Exercises

 

  1. Base Case – Unsteady Cylinder
    1. How many steps were there per lift coefficient oscillation once the oscillation reaches an apparently steady state? What do these oscillations represent physically?
    2. Why did you include the patched velocity found in the tutorial? What happens when you don’t include it in your calculated solution? Does anything change if you increase the patch velocity?
  2. Varying Timestep - Unsteady Cylinder  
    1. Plot the Strouhal number: the dimensionless frequency oscillation (f*d/U) vs. the square of time step, and compare to the results in Fig. 5 of "Implicit Multigrid Computation of Unsteady Flows with Applications to Aeroelasticity" (Caughey 2001).
  3. Altering Grid – Unsteady Cylinder
    1. Returning to a timestep of 0.2s, compare a mesh of 128 x 64 cells and a mesh of your choosing to the original mesh. Maintain the same cell height by altering the bias factor yourself.
    2. Once the solution is computed, calculate the lift oscillation frequency, and use Richardson extrapolation to compute the limiting frequency corresponding to zero mesh spacing (similarly to the procedure done in the paper by Caughey in part 2).
  4. Altering Reynolds Number – Unsteady Cylinder
    1. Compare the results for Reynolds numbers of 60, 120, and 80 at a timestep of 0.2s and mesh 192x96. Create a graph of the Strouhal number (dimensionless frequency oscillation) as a function of these Reynolds numbers.
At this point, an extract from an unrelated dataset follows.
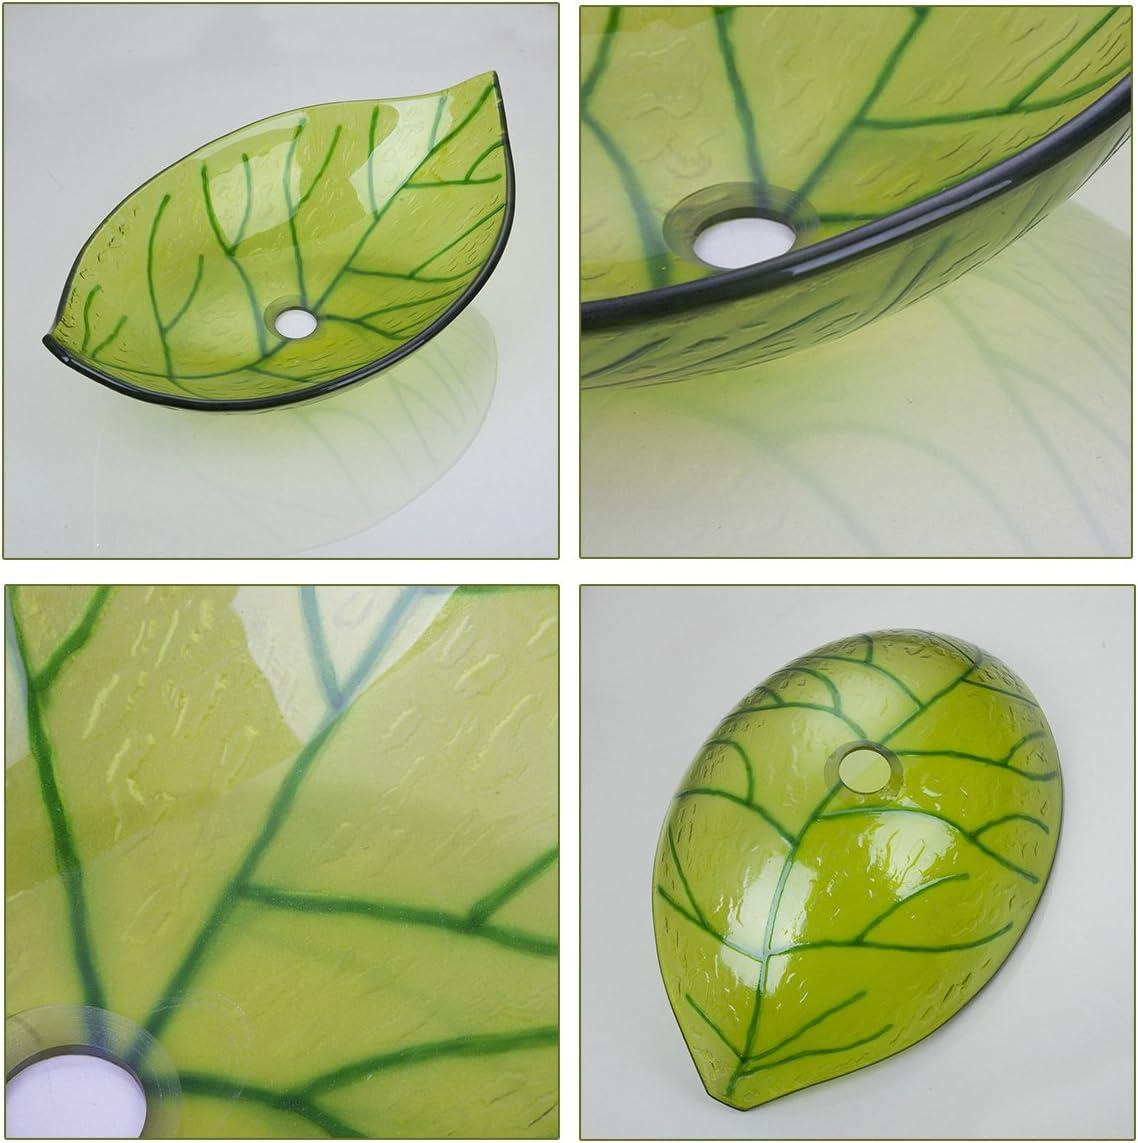 Yanksmark Silver Color Glass Wash Bowl Vessel Sink /& Chrome Bathroom Faucet Finish Combo Set Come with Pop Up Drain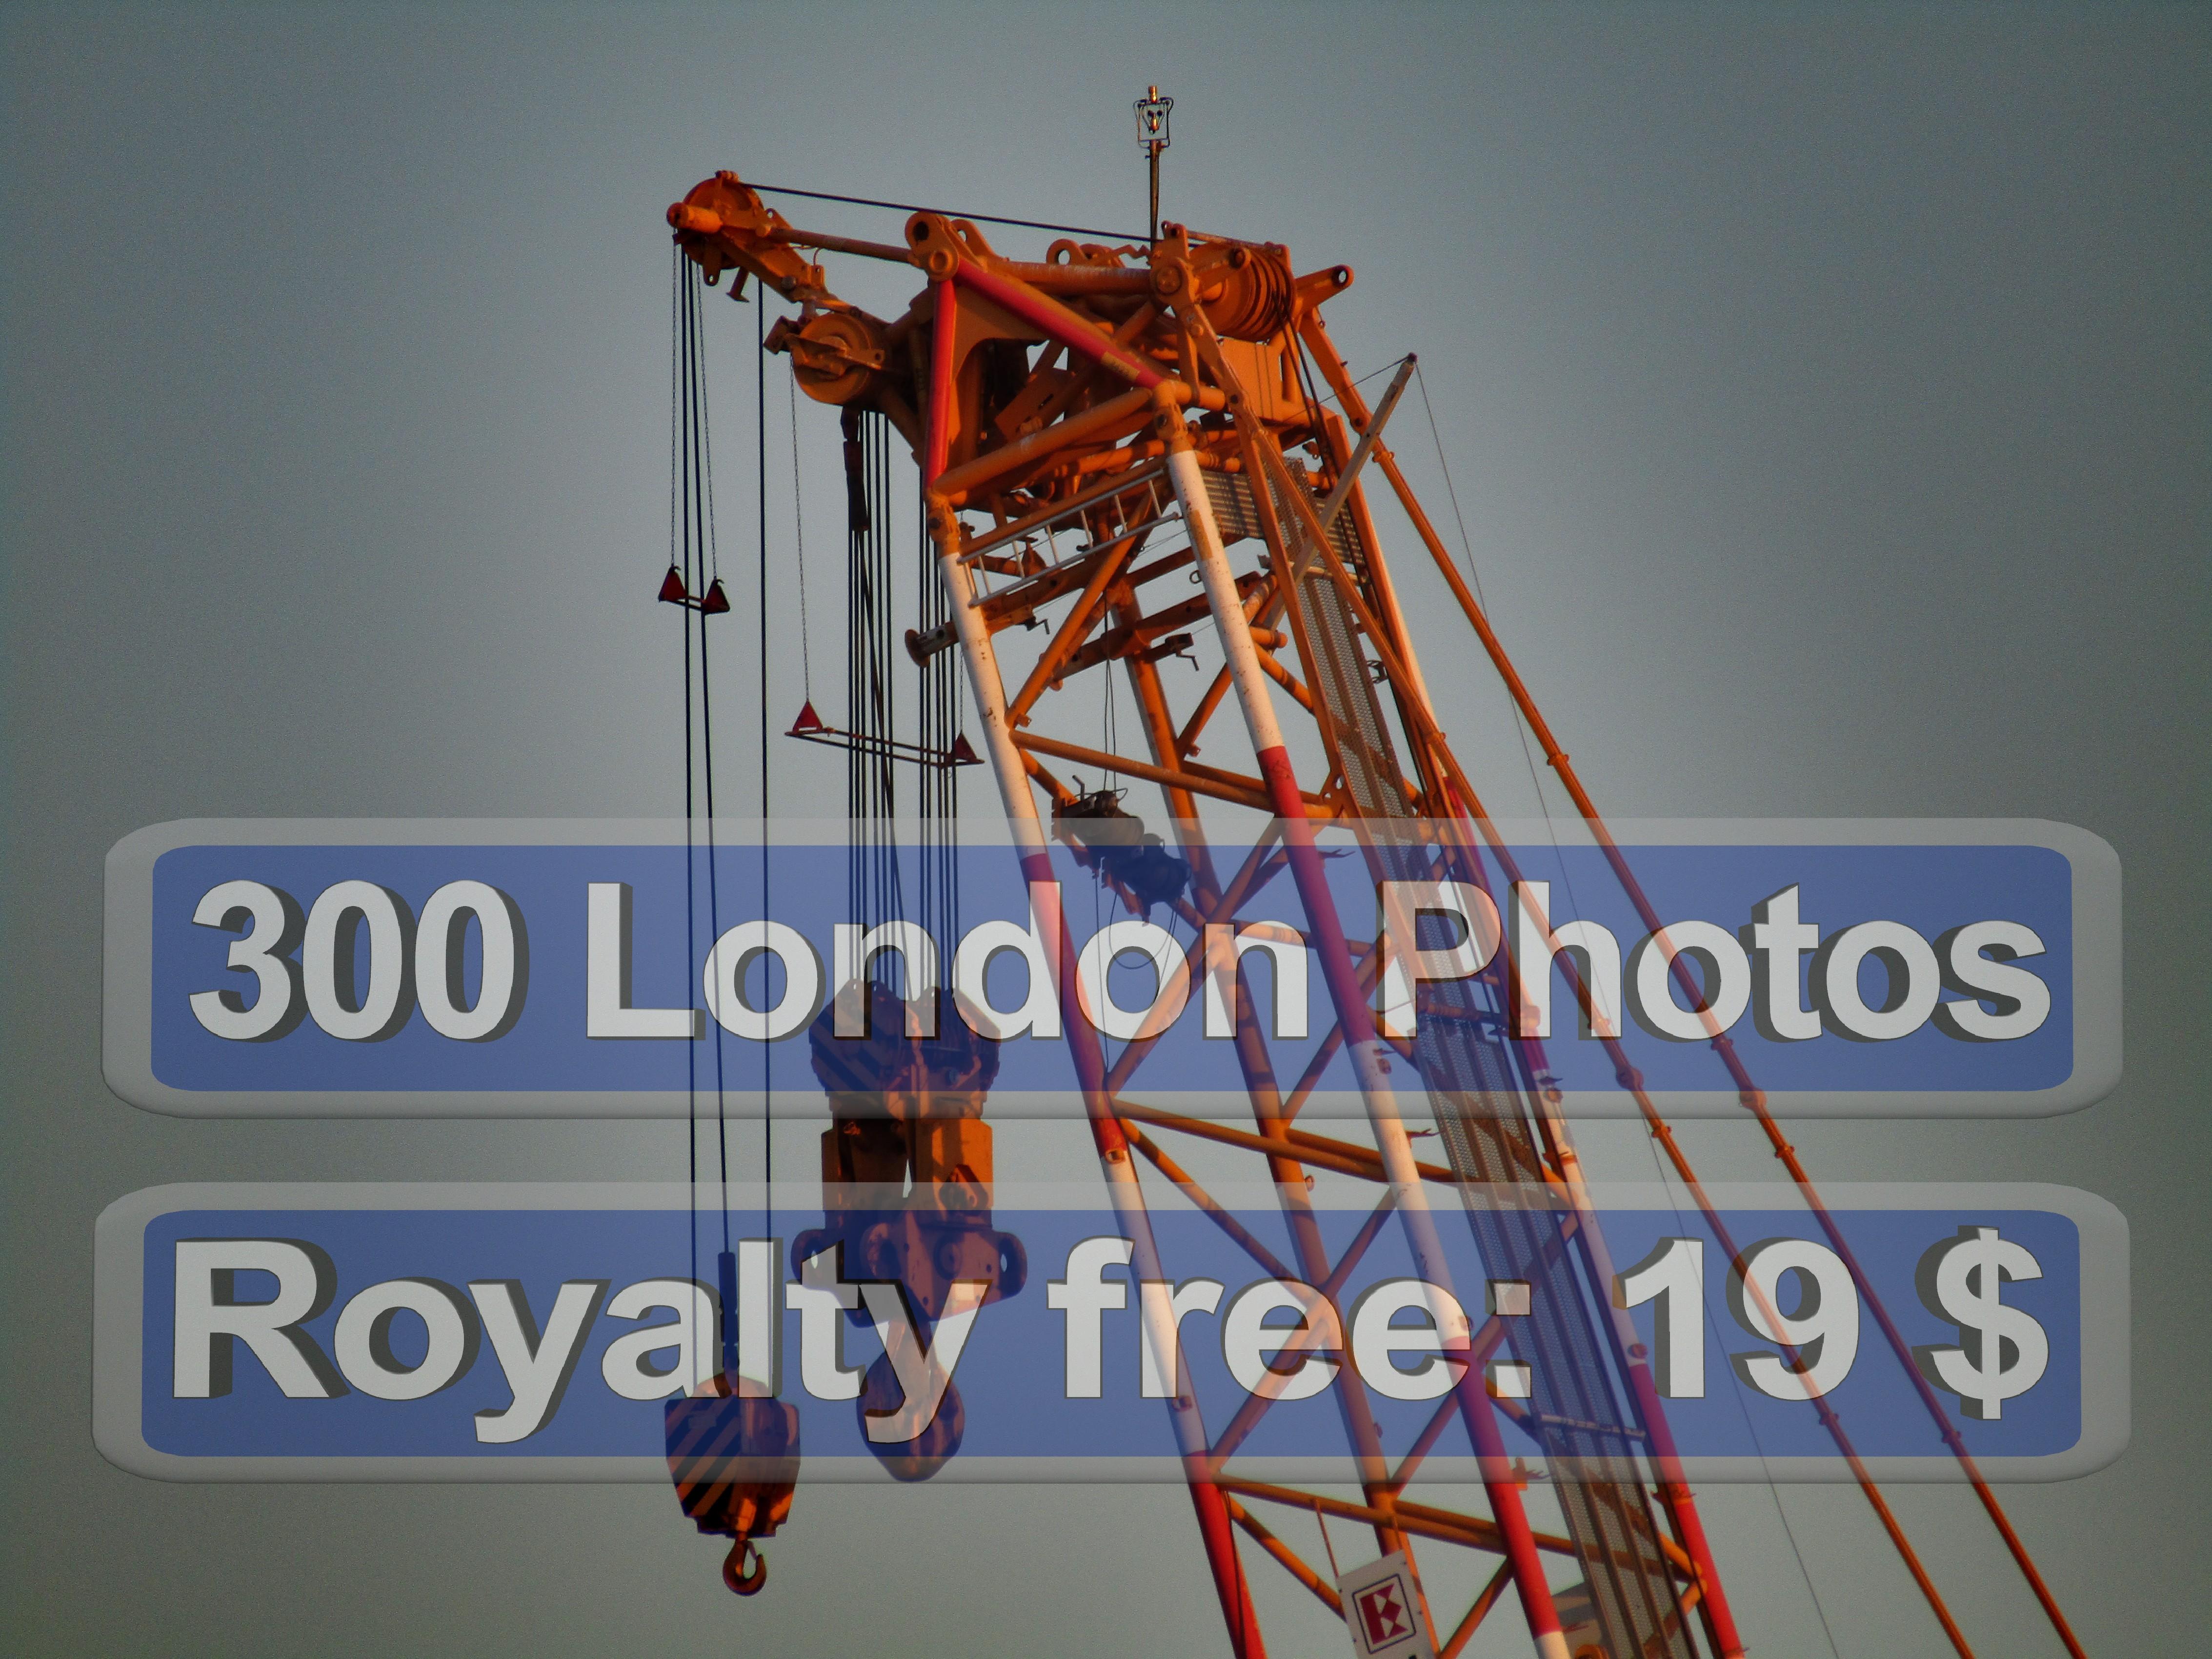 London Drugs Photo Pick Up

  5. Turbulent Cylinder - The goal of this exercise is to compute the turbulent flow around a cylinder at Re = 10^6 and compare to the paper by P. Catalano et al.              
    1. Change the Reynolds Number to be 1e6. Since the flow is now turbulent, you will need to change the mesh, so that you can resolve the turbulent boundary layer. Set the edge sizing around the “farfields” to be 96 divisions. Set the number of divisions for the imprinted edges to be 100. This will give you about 19200 cells. 
    2. In Setup, change the solver from Steady to Transient and change the Model to Standard K-e and leave everything else as the default value. Patch the region behind the cylinder as you did in the unsteady tutorial. This is again so we can quickly get to the steady state solution. 
    3. You will run the case with a time step size of .01s for 300 timesteps for a total of 3 seconds.

      1. Plot the pressure distribution vs. theta on the cylinder surface and compare to Fig 3 of the Catalano paper. 
      2. Plot the vorticity contours and compare to Fig. 4 of the Catalano paper
      3. Compare the Strouhal number, drag coefficient and the base pressure coefficient to the values found in Table 1 of the Catalano paper.